Category overview

VotersElection Security Glossary

44 election security terms in the Voters category, with definitions sourced from NIST, CISA, EAC, and 30+ authoritative documents.

An election has legitimate authority only when it includes all eligible voters and excludes ineligible ones. That threshold — who votes and who does not — is one of the most heavily regulated aspects of election administration, embedded in federal and state law, and defended through documentation, verification, and procedural safeguards. Voter eligibility and the protection of voting rights sit in constant tension with each other, and the terminology of voter administration reflects that dynamic. The legal foundation is straightforward in principle: to vote, a person must be a U.S. citizen, of voting age, a state resident, and not legally disqualified. But eligibility is not self-evident at the polling place, and the practical challenge of election administration is verifying that a person who appears genuinely meets those requirements without creating barriers that disenfranchise eligible voters. Three policy questions have reshaped voter administration in recent decades. First, voter identification: must a voter present government-issued photo identification, or can other documents suffice, or no documentation at all? The approach adopted by each state is a political and practical choice, balancing the need to verify identity against barriers that requirements can create for eligible voters without appropriate documentation.
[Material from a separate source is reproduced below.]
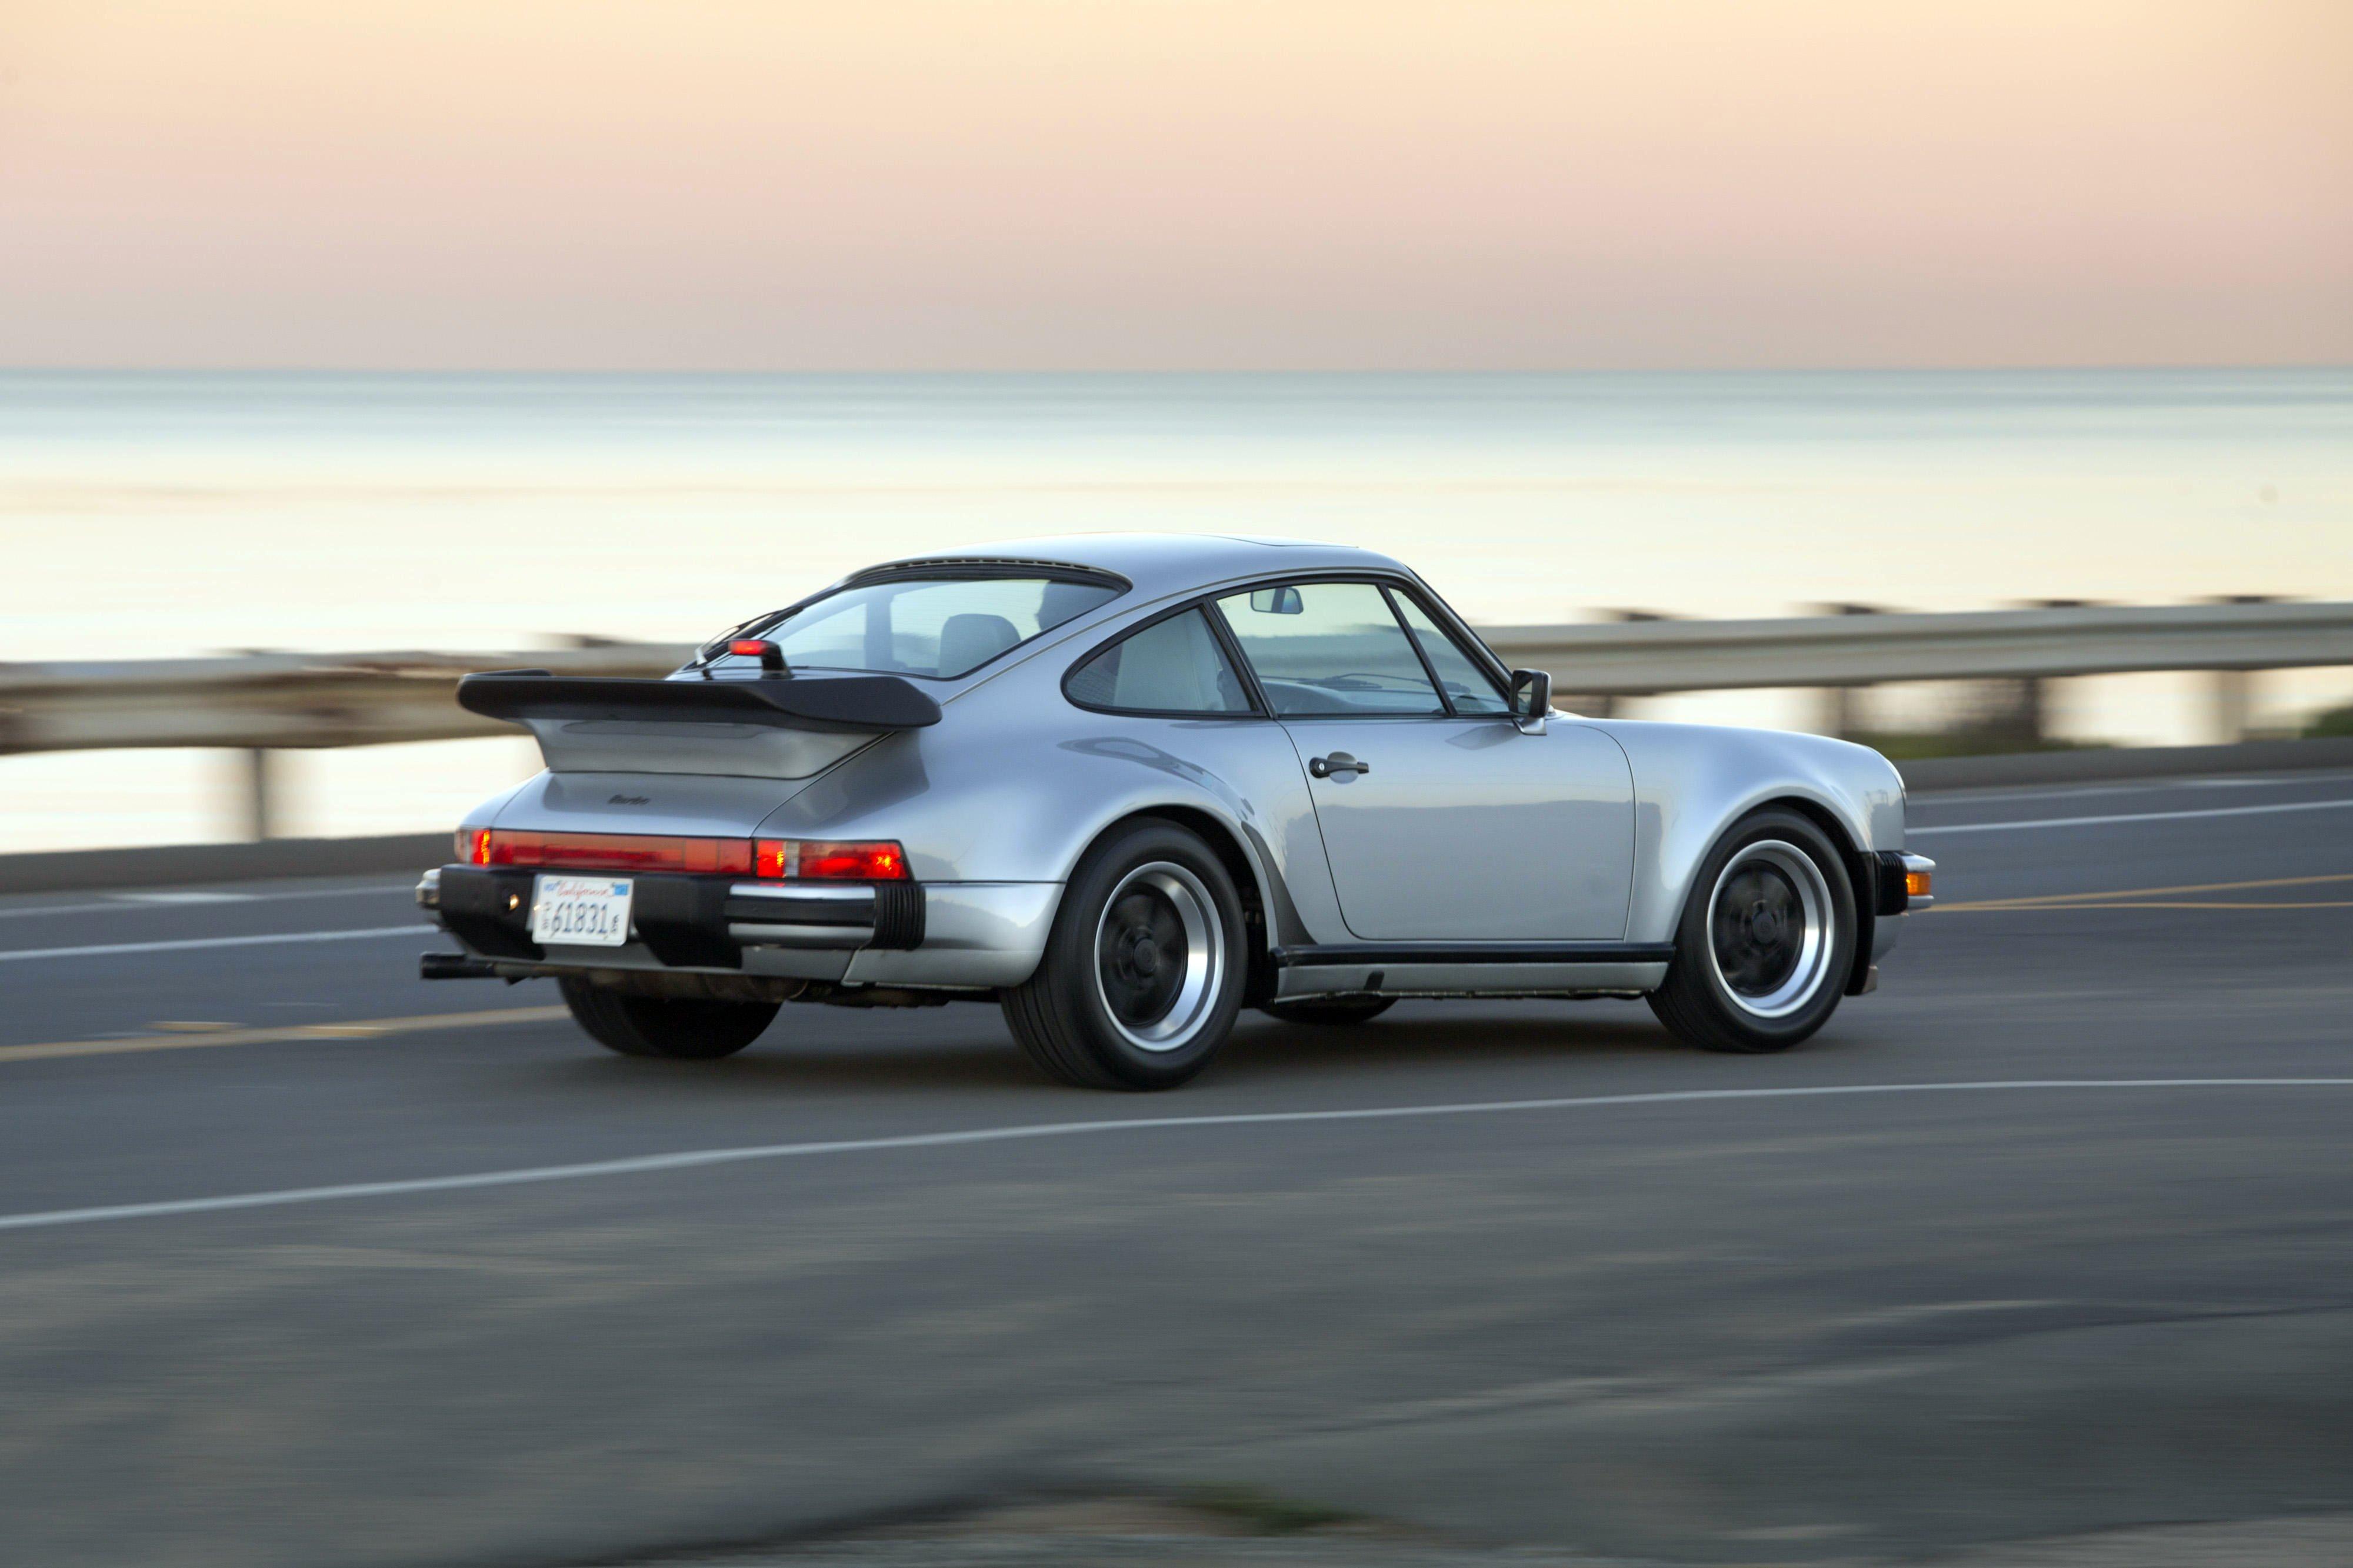 1987 porsche 911 turbo 3 3 coupe us spec 930 supercar wallpaper 4000x2666 557650 wallpaperup
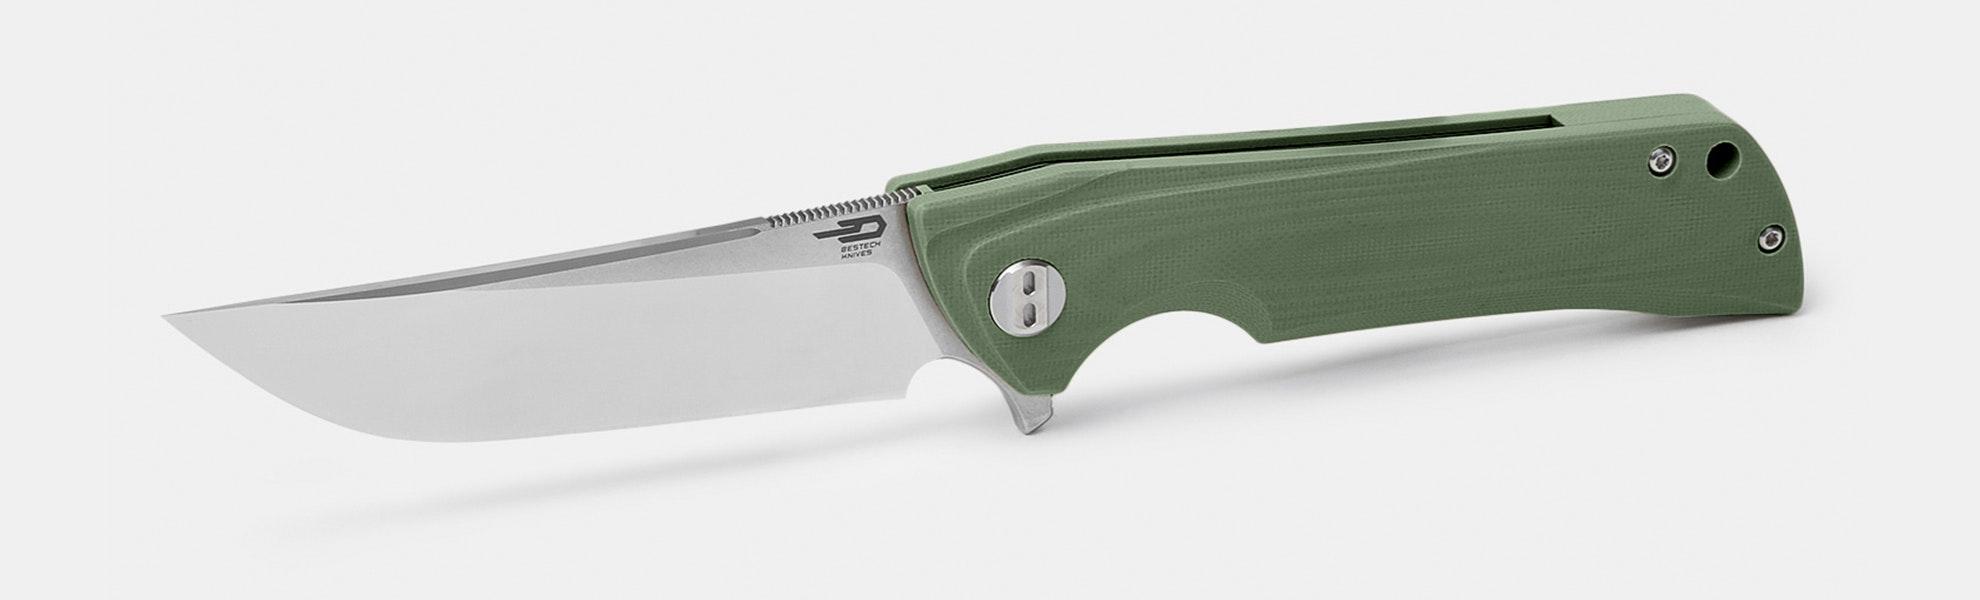 Bestech Paladin Knife (OD Green)–Massdrop Exclusive

Second, provisional ballots: if a voter's eligibility is uncertain, can they cast a ballot provisionally and have it counted later if eligibility is confirmed? Third, voter roll maintenance: how aggressively should election officials purge outdated or inaccurate registration data? Each of these questions has no universal answer — they are policy choices embedded in law and administered through procedures that must be transparent and verifiable. Beyond eligibility, voter protection extends to ballot secrecy — ensuring that how a person votes is not revealed to others — and accessibility, ensuring that voters with disabilities have equal ability to vote privately and independently. These protections are federal law under the Americans with Disabilities Act and HAVA Title III.

Key Concepts

Voter Registration
The official enrollment of an eligible person in a jurisdiction's voter roll, creating the legal record of who may vote and the baseline for list maintenance and verification.
Voter Identification
The legal requirement that voters present identification at the polling place, varying by state from strict photo ID to non-photo alternatives to no ID requirement.
Provisional Ballot
A ballot cast by a voter whose eligibility is unresolved at the time of voting, held separately and counted only if the voter's eligibility is later confirmed.
Ballot Secrecy
The legal and procedural protection ensuring that how a voter voted remains confidential, protecting voters from coercion, intimidation, and retaliation.
Voter Intimidation
The federal crime of threatening, coercing, or intimidating anyone for voting or attempting to vote, enforced to protect the integrity of voter participation.
Accessibility
Legal obligations under the ADA and HAVA Title III to ensure voters with disabilities can vote privately and independently, requiring accessible equipment and polling places.
Uocava
Federal law protections enabling military and overseas voters to register, request, receive, and return ballots remotely with extended deadlines for distance and deployment.
Eligible Voter
The legal status of meeting all requirements to vote — citizenship, age, residency, absence of disqualifying factors — verified through registration data and documentation at the polls.
Spoiled Ballot
A ballot a voter has marked incorrectly, returned to poll workers before being cast, and replaced with a fresh ballot so the voter can record their intent correctly.

How These Terms Relate

These concepts establish the universe of eligible voters, verify their eligibility, and protect their rights to participate with choices kept confidential. Voter registration creates the official record defining who may vote, but that record requires continuous maintenance to reflect changes in eligibility and address. Voter ID requirements and provisional ballot procedures serve overlapping but distinct functions: ID requirements authenticate identity at the moment of voting, while provisional ballots defer eligibility verification to after election day, creating different security and participation trade-offs. Ballot secrecy and voter accessibility protections are equally fundamental: voters must be free from coercion for their choices, and eligible voters with disabilities must have genuine ability to participate. Voter intimidation laws and UOCAVA protections extend voter rights beyond the polling place, protecting voters who face interference or who must vote from a distance. Together, these concepts reflect the core principle that election security and voter protection are not competing values — they are complementary requirements of a legitimate election.